Блестящие елочные шары и другие игрушки на елке превратились в какие-то размазанные звезды и искрящиеся ленты от того, что в ее глазах накопились слезы.
– Девушка, извините, можно мне еще минут пять посидеть? – спросила Настя у официантки.
– Конечно, конечно, сидите, хоть двадцать минут… Вам плохо? Может, все же что-то вам принести? Вам точно ничего не нужно? – забеспокоилась официантка, так как лицо девушки-клиентки сильно побледнело, а на ее глаза навернулись слезы, чего нельзя было не заметить.
– Нет, нет… все хорошо… сейчас я соберусь с мыслями и пойду, – прошептала Настя, вцепляясь в руку девушки. – Боже мой, как же мне плохо!
Девушка села на стул, на котором несколькими минутами ранее сидел импозантный адвокат. Вернее, она просто была втащена Настей на свободное место.
– Врача? – забеспокоилась девушка.
– Да, мне нужен врач.

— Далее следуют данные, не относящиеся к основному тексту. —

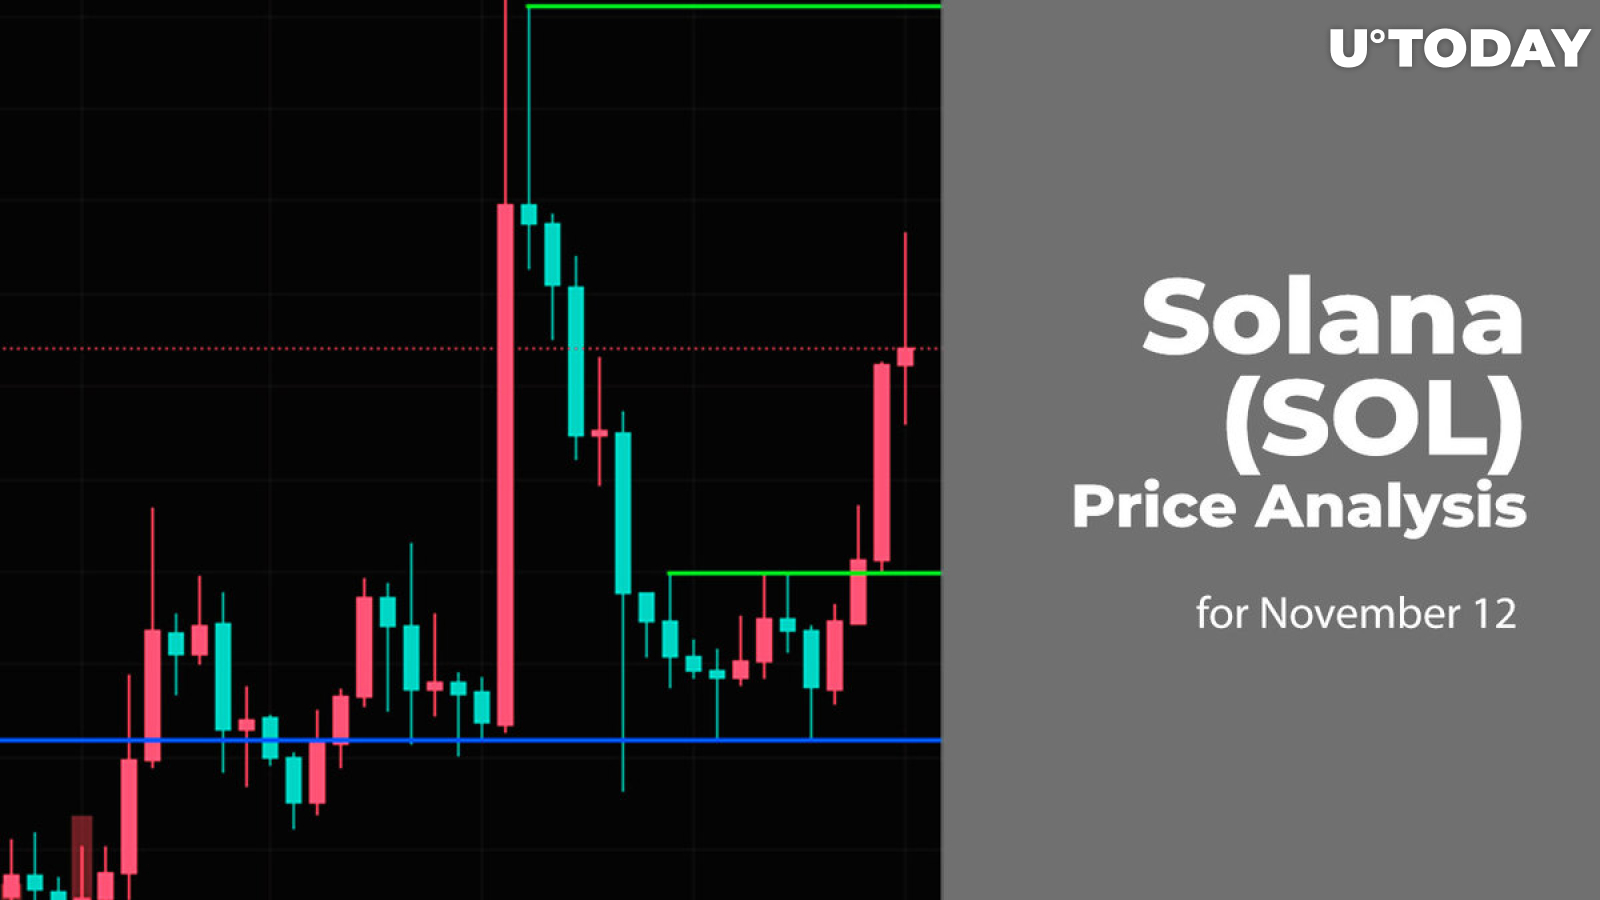 Solana (SOL) Price Analysis for November 12

Но только один-единственный специалист, мой врач… – закрыв лицо руками, прошептала Настя.
– Вы поссорились с любимым? – догадалась девушка. – Я видела, здесь сидел мужчина, а потом ушел…
– Нет, не то. Вот вы любили когда-нибудь? Хотя вы еще так молоды… – подняла на собеседницу лицо Настя.
Девушка даже покраснела.
– Я? Ну почему же… Конечно, любила. И люблю. У меня есть парень, с которым мы учимся в институте. Мы вместе уже два года.

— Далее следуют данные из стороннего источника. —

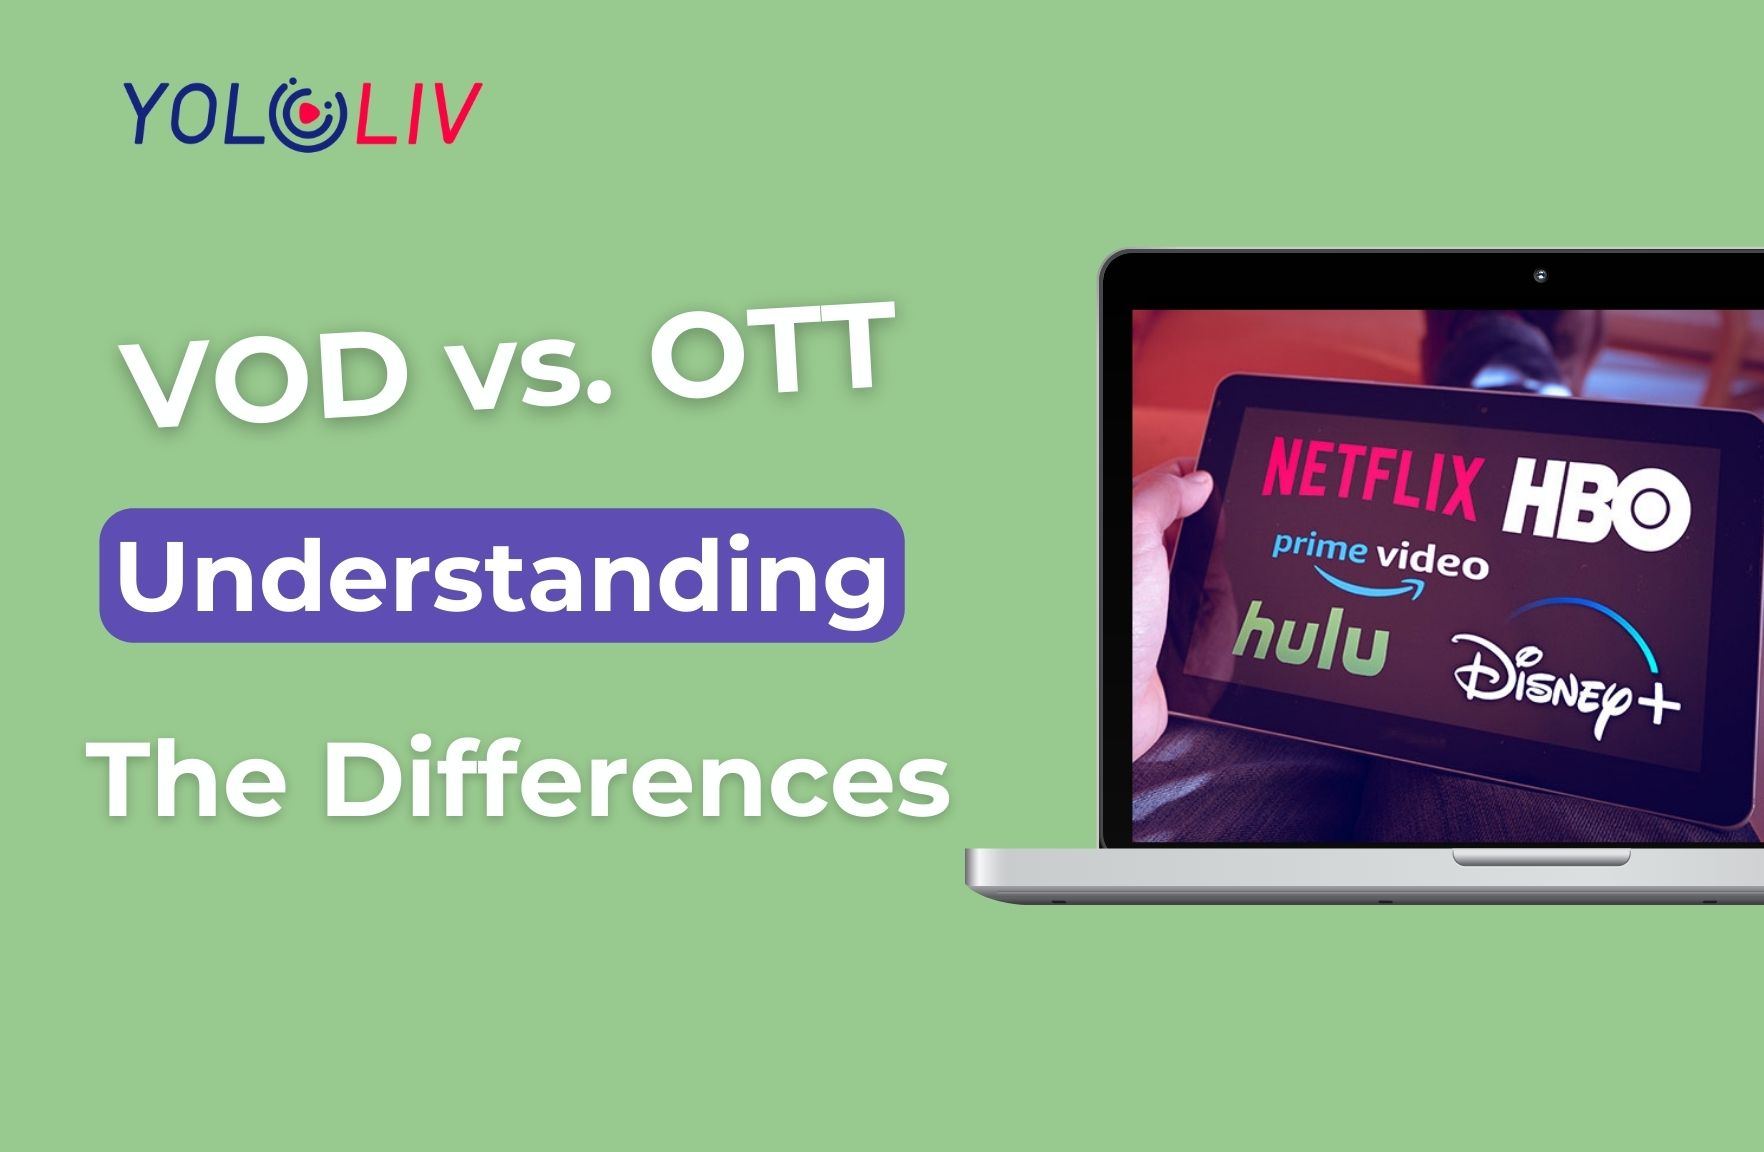 VOD vs OTT Understanding the Difference

– Вот! А я – такая дура! Только сейчас поняла, что полюбила, только сейчас поняла…
– Так ведь и прекрасно! – подбодрила ее официантка, озираясь на свою помощницу и незаметно делая знак, чтобы та присмотрела и за ее столиками.
– Я задерживаю вас? – спросила Настя. Хотя это был очень глупый вопрос, и так было понятно, что задерживает.
– Нет, нет, что вы, у меня есть пять минут, – дежурно улыбнулась девушка, а глаза ее были по-настоящему заинтересованными и сочувствующими.
И тут Настю, несмотря на всю несуразность ситуации, прорвало.
– Мне уже хорошо за тридцать, и я знаю, что такие молоденькие девочки, как ты, считают, что в моем возрасте уже пора на пенсию. Мол, великовозрастная тетка, какая у нее может быть любовь…
– Что вы! Вы прекрасно выглядите! – заверила ее девушка. – И вообще, лично я никогда так не думала. Моей маме сорок два года, и она очень красивая и молодая.